Probate Court in Colorado—Do I Need an Attorney?
After a person dies, the question of what to do with their property, assets, and personal belongings eventually arises, but many people don’t know where to begin with this task. The process for administering someone’s estate after their death—also known as probate—varies in complexity depending on how prepared the individual was before their death, how large their estate was, and whether there are any complications with the will (if present).
In this article, we describe the different forms of probate proceedings in Colorado as well as when you should consider hiring an attorney to help with the process.
Probate Court in Colorado
Overall, the purpose of probate is to determine whether a decedent has a will, ensure the will is complete and valid, notify relevant individuals, pay any creditors, file taxes, and distribute the decedent’s remaining estate in accordance with their wishes.
In the 1970s, Colorado and 15 other states adopted what is known as the Uniform Probate Code (UPC), which greatly simplifies the probate process.

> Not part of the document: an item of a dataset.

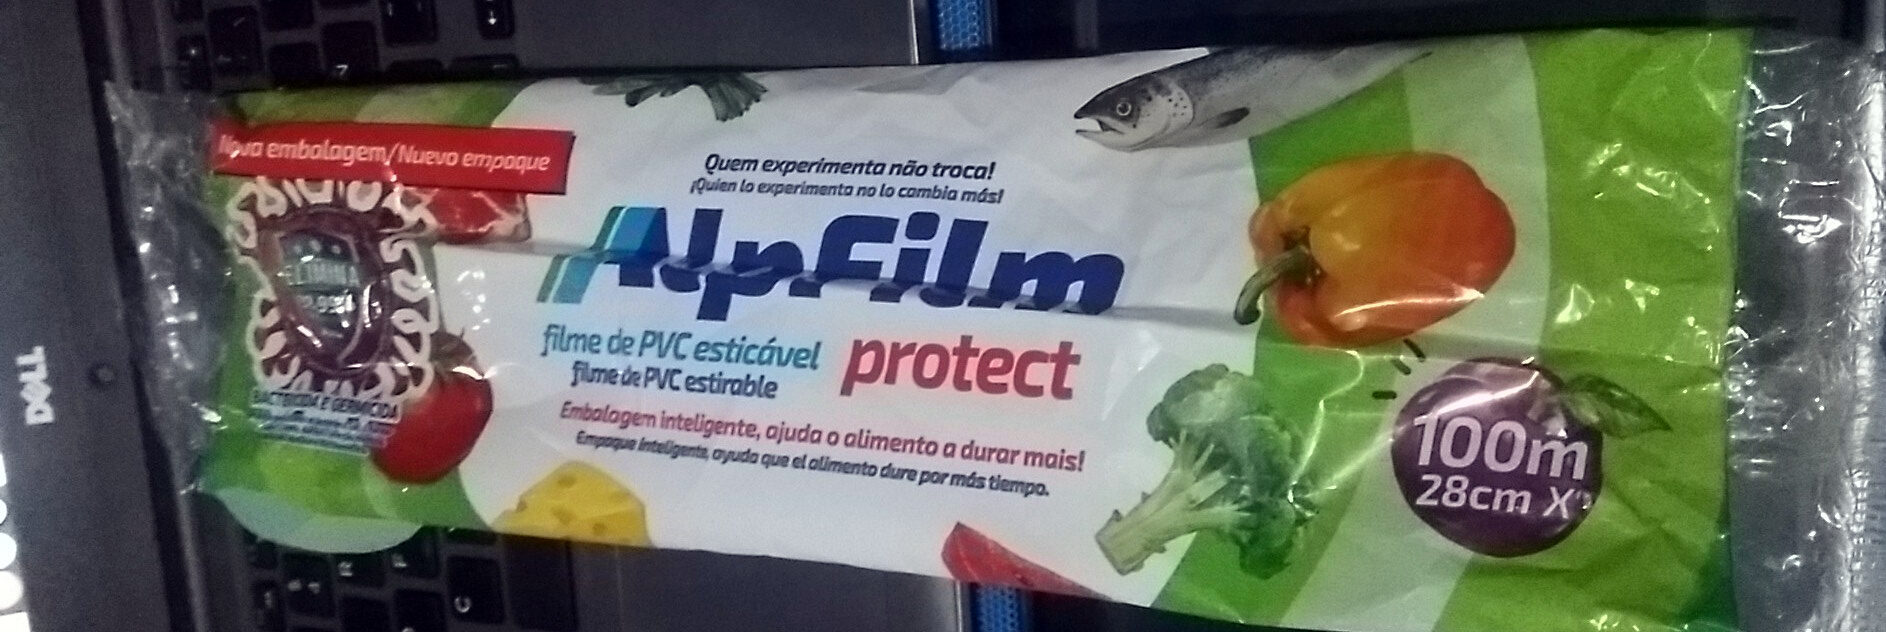 AlpFilm Protect Clássico - Produit - pt

Under the UPC, there are three probate situations:
- Small estates: In Colorado, if a decedent did not hold any real estate and their personal property is worth less than $64,000, they have what is called a “small estate,” which does not require probate proceedings. In this case, the decedent’s heirs can collect the remaining property after obtaining a small estate affidavit and then distribute the estate based on the decedent’s will or Colorado intestacy laws. While the court is available to help resolve any disputes that may arise with small estates, they generally do not intervene.

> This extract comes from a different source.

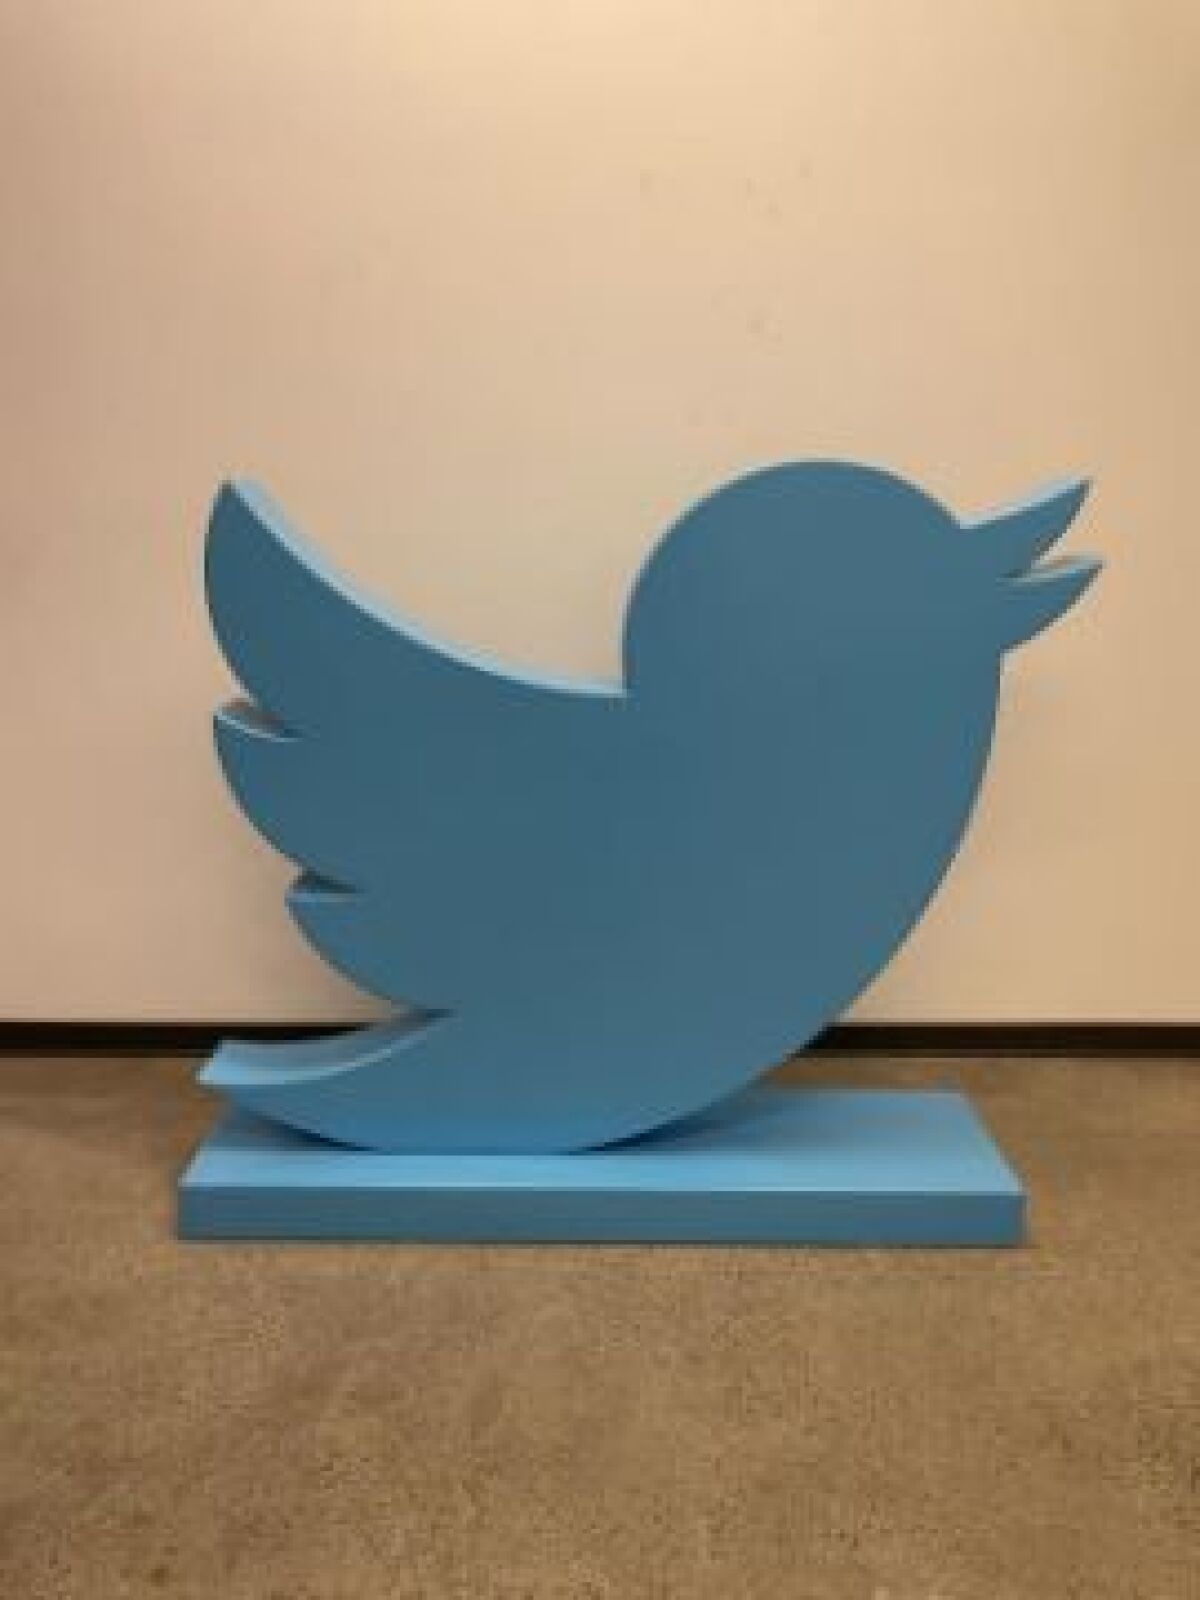 Oiseau Twitter sous la forme d'une statue.

- Informal probate: Informal probate is allowed when the decedent has a valid will, no one is expected to contest the will, and a competent representative is available to handle all the probate tasks outlined above. Again, the court plays a limited role in this process but does ensure the appointed representative adheres to the will.

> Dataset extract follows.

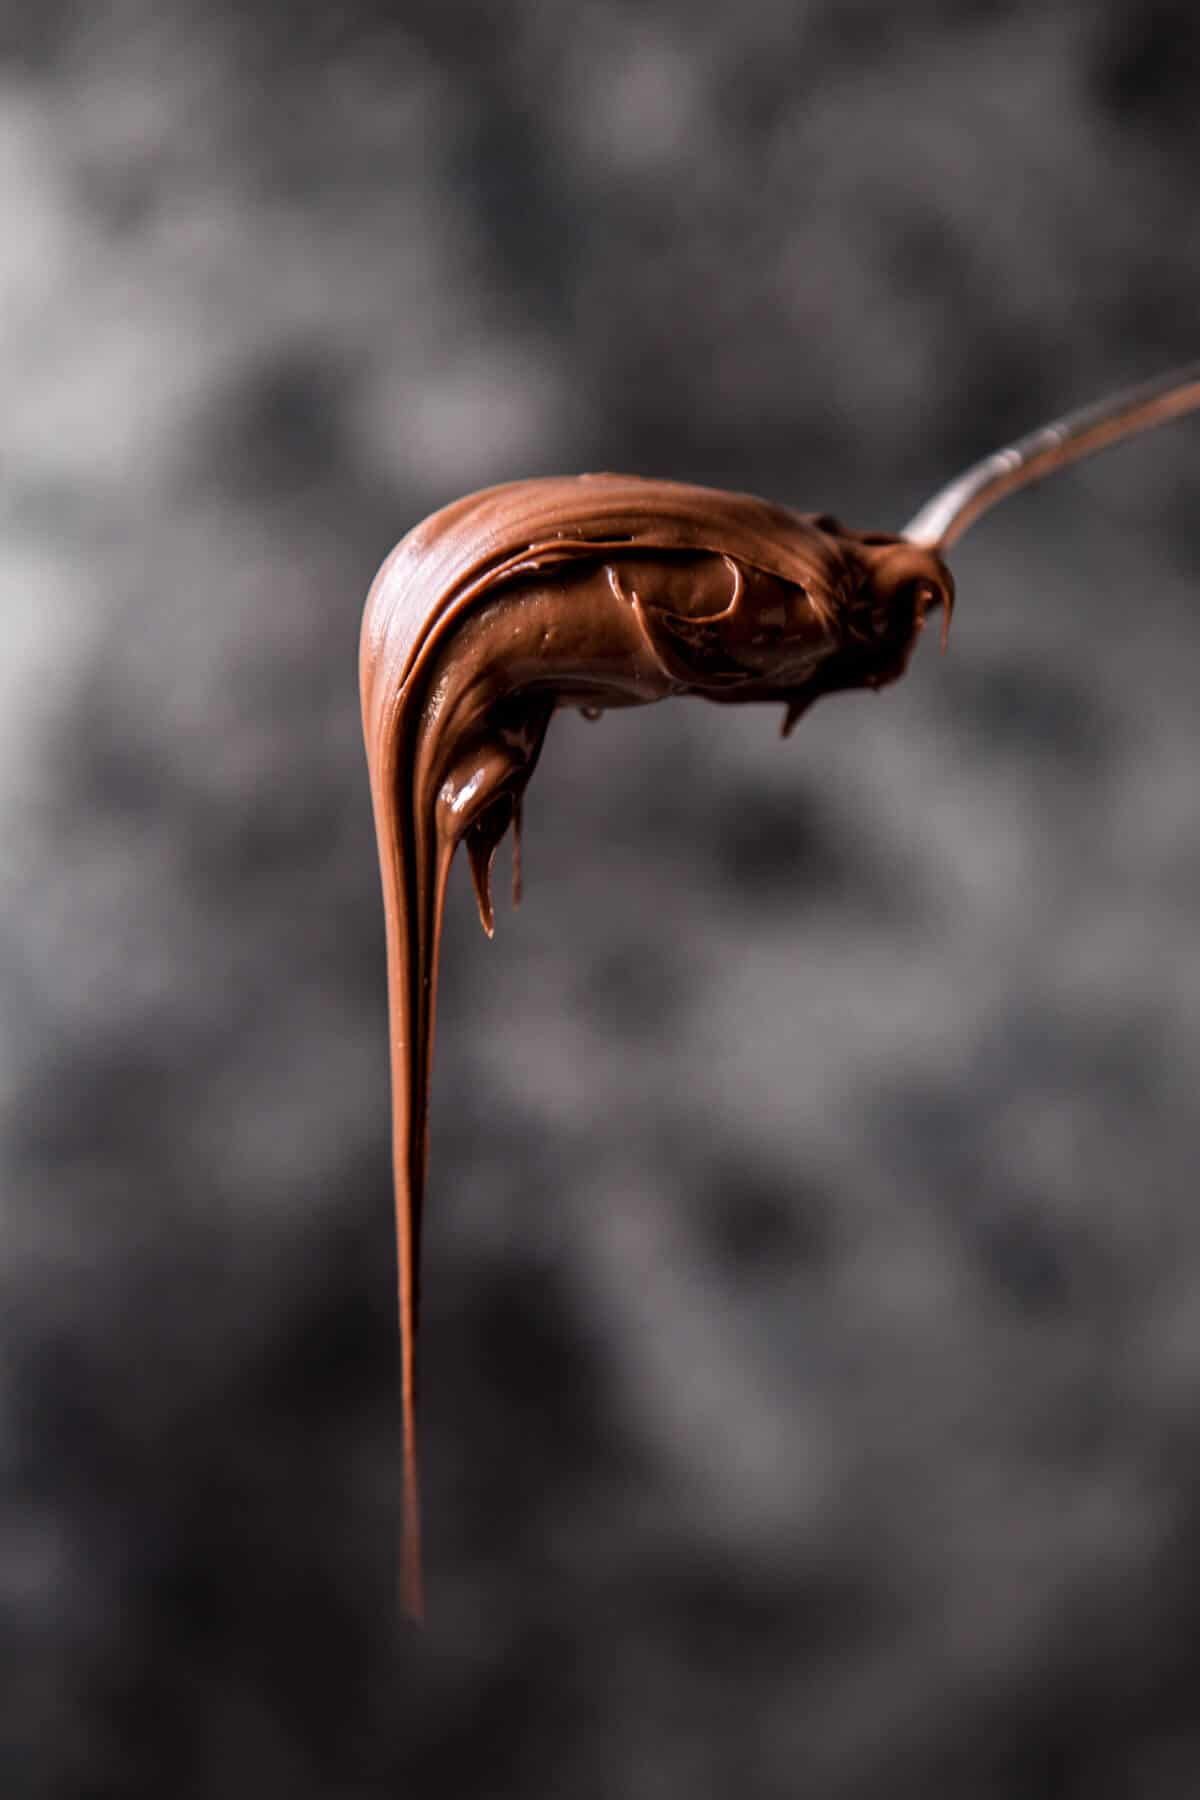 Cinnamon Sugar Nutella Quesadilla | halfbakedharvest.com @hbharvest

- Formal probate: Formal probate is necessary when there is no will (i.e., dying intestate) or when a decedent’s will is contested, invalid for any reason, unclear, or has some other significant problem preventing efficient administration. In these cases, a judge oversees the decedent’s estate, and court hearings are held to determine how the representative should distribute the decedent’s property and belongings. In rare situations, formal supervised probate is necessary, in which case a judge must approve every action the representative takes.
Do I Need an Attorney for Probate?
For small estates and informal probate, most individuals can handle the entire process themselves without needing much help from an attorney as long as they feel comfortable taking on the many tasks associated with distributing an estate. However, even with these less intense probate processes, individuals should consult an attorney when they have questions about the contents of a will, the probate process itself, or any other issue that could affect efficient distribution.
Due to the increased complexity and higher risks, individuals going through the formal probate process should hire an attorney to help navigate court proceedings and ensure their rights as a representative or heir are upheld. This is especially important when a decedent’s will is being contested and/or when the process is predicted to get messy (e.g., because of family conflicts).
It’s also important to note that probate and estate distribution can be time consuming and emotionally draining, especially when someone has just lost a loved one. As such, if the process ever becomes too difficult to bear, consulting an attorney is advisable. At the very least, an attorney can provide helpful guidance to ease some of the burden, but they can also take on more responsibilities—even taking over the whole process—when necessary.